▶ What to do
An exact copy of all the data is needed, with every picture left out.

▶ Information supplied

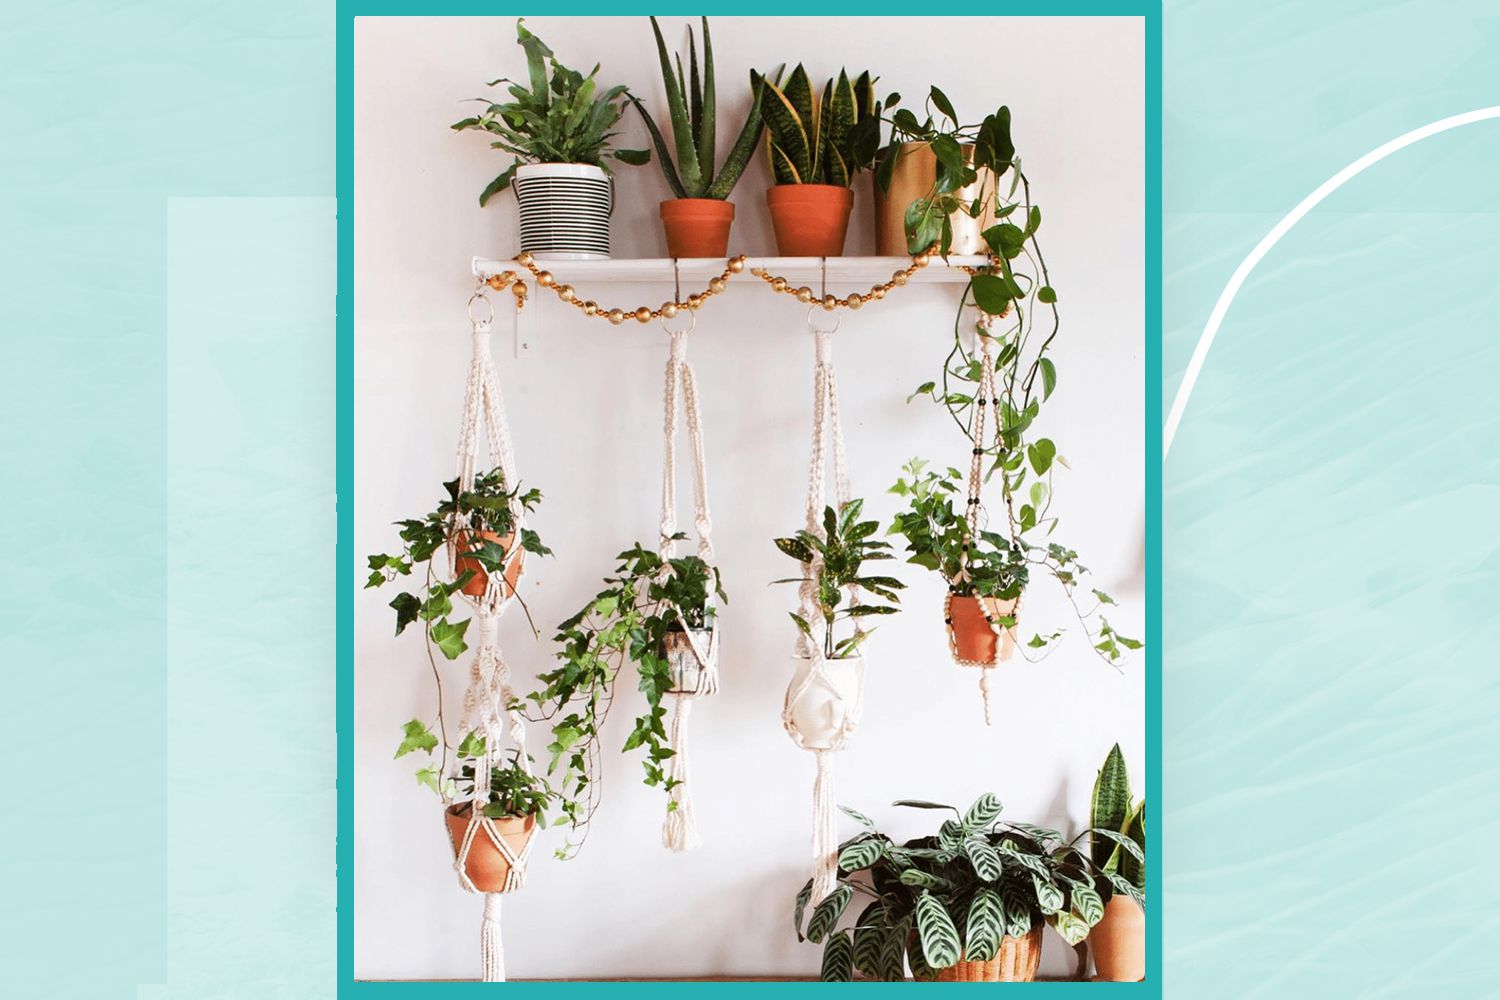 Influencers Share Their Favorite Plant Products to Shop at IKEA
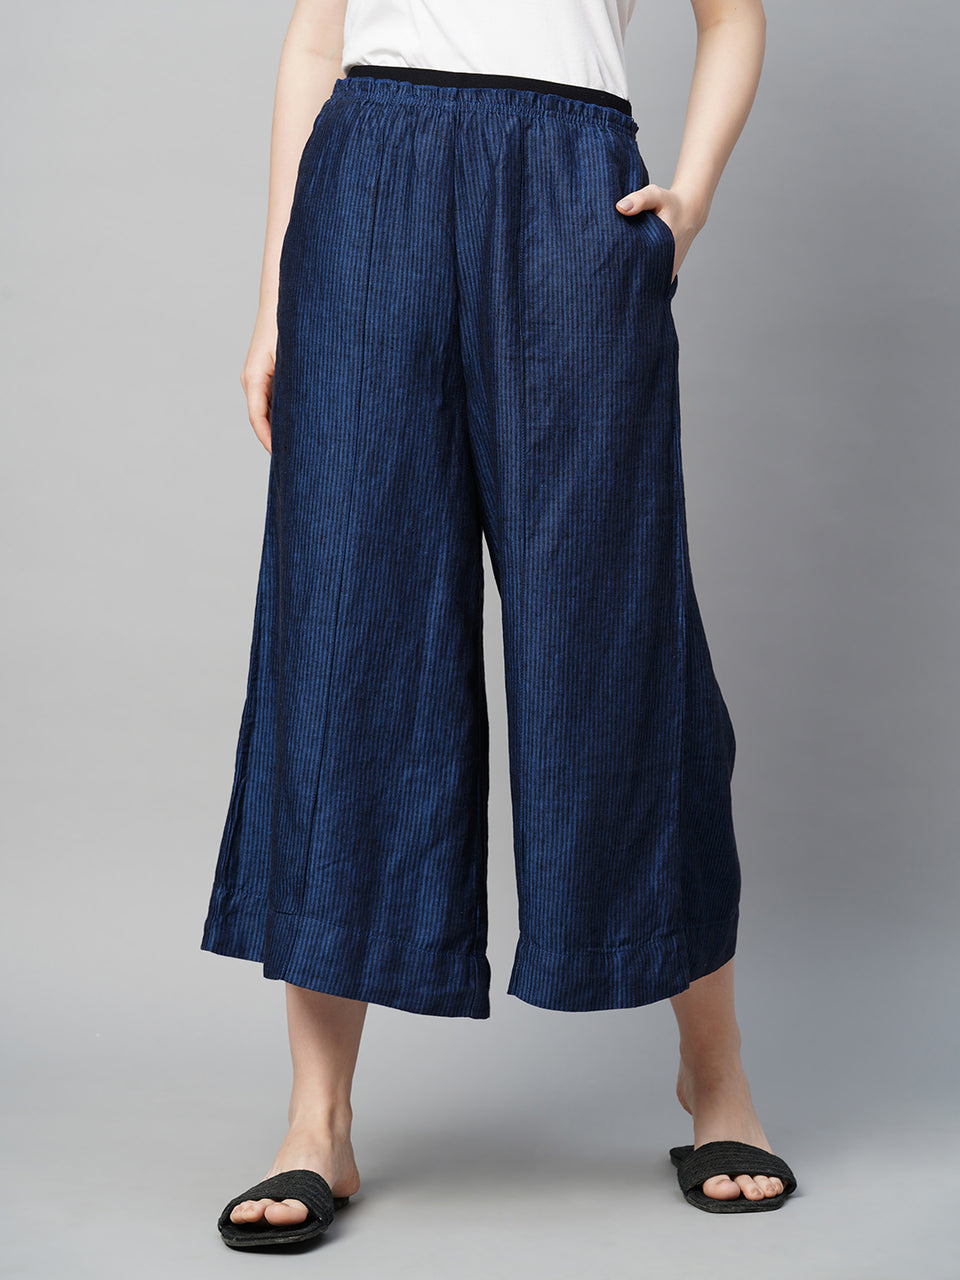 Culottes: Buy Culottes for Women Online at Best Price | Cottonworld
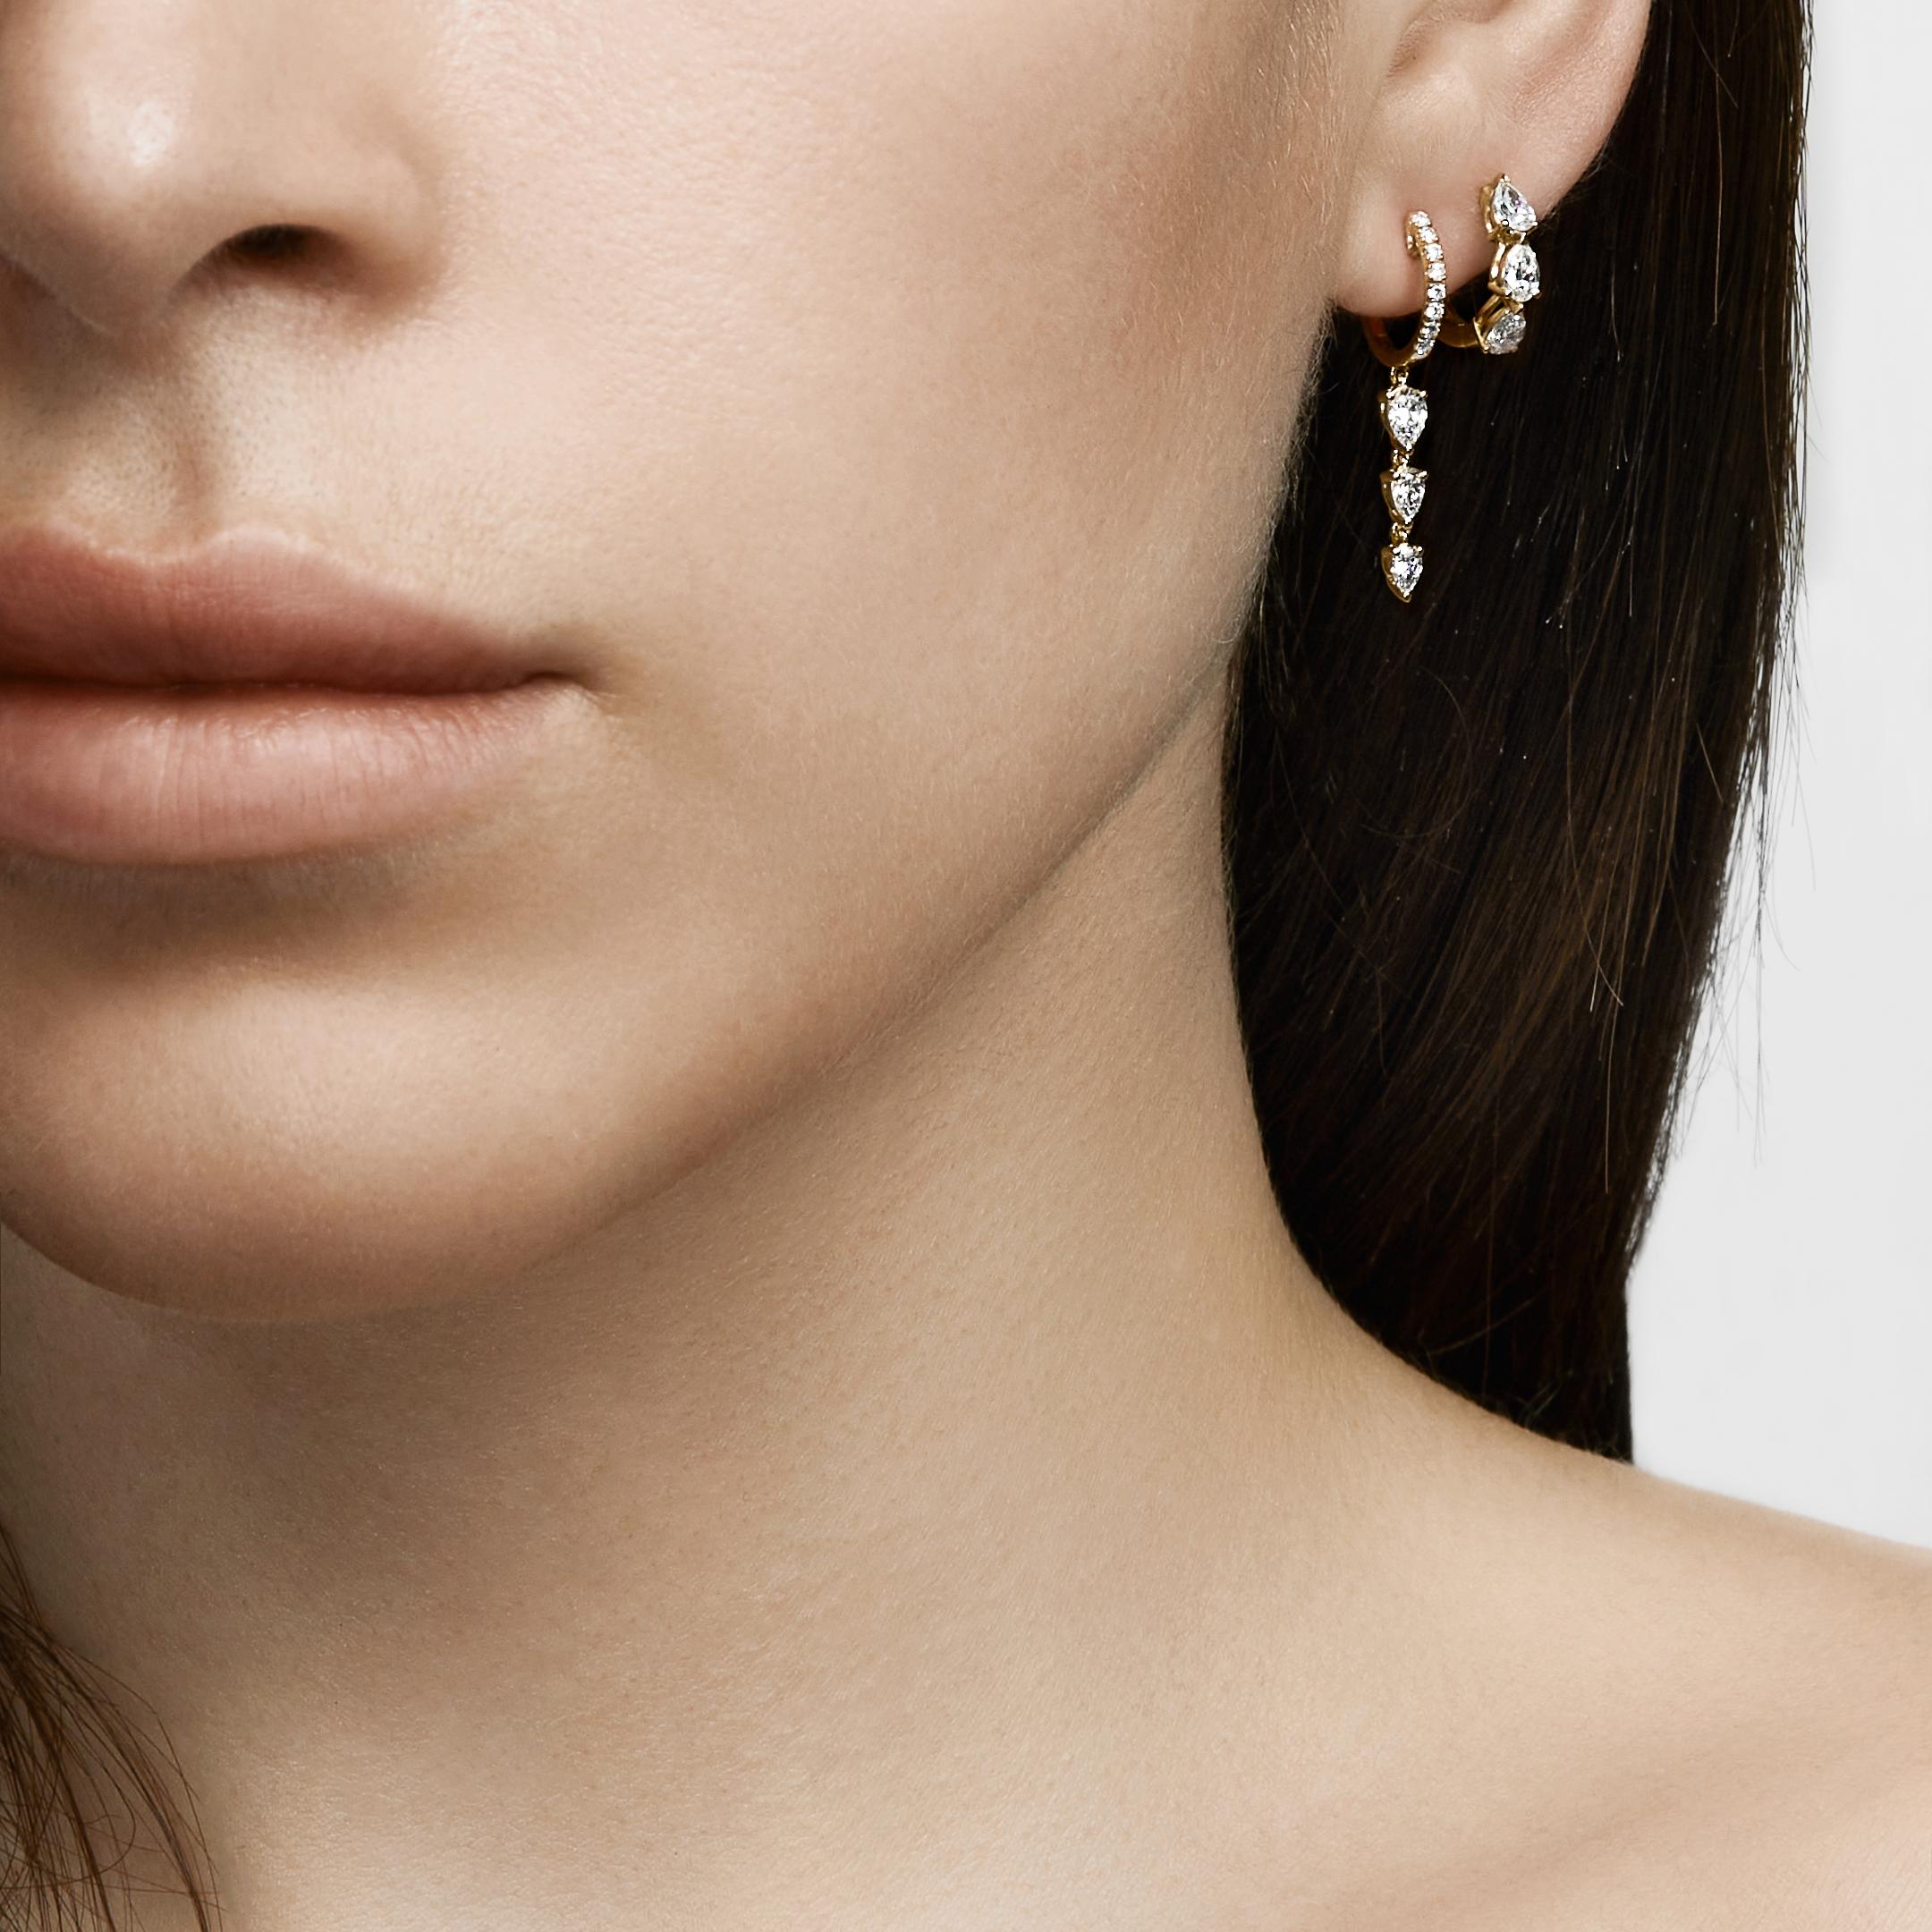 Everyone needs a perfect diamond hoop earring to take them from the office to dinner plans to weekend brunch with friends. The Pear-Shaped Diamond Huggies are just that versatile fine jewelry staple. Crafted in 18-karat yellow gold, these huggie

▶ Response area
 Influencers Share Their Favorite Plant Products to Shop at IKEA
 Culottes: Buy Culottes for Women Online at Best Price | Cottonworld
 Everyone needs a perfect diamond hoop earring to take them from the office to dinner plans to weekend brunch with friends. The Pear-Shaped Diamond Huggies are just that versatile fine jewelry staple. Crafted in 18-karat yellow gold, these huggie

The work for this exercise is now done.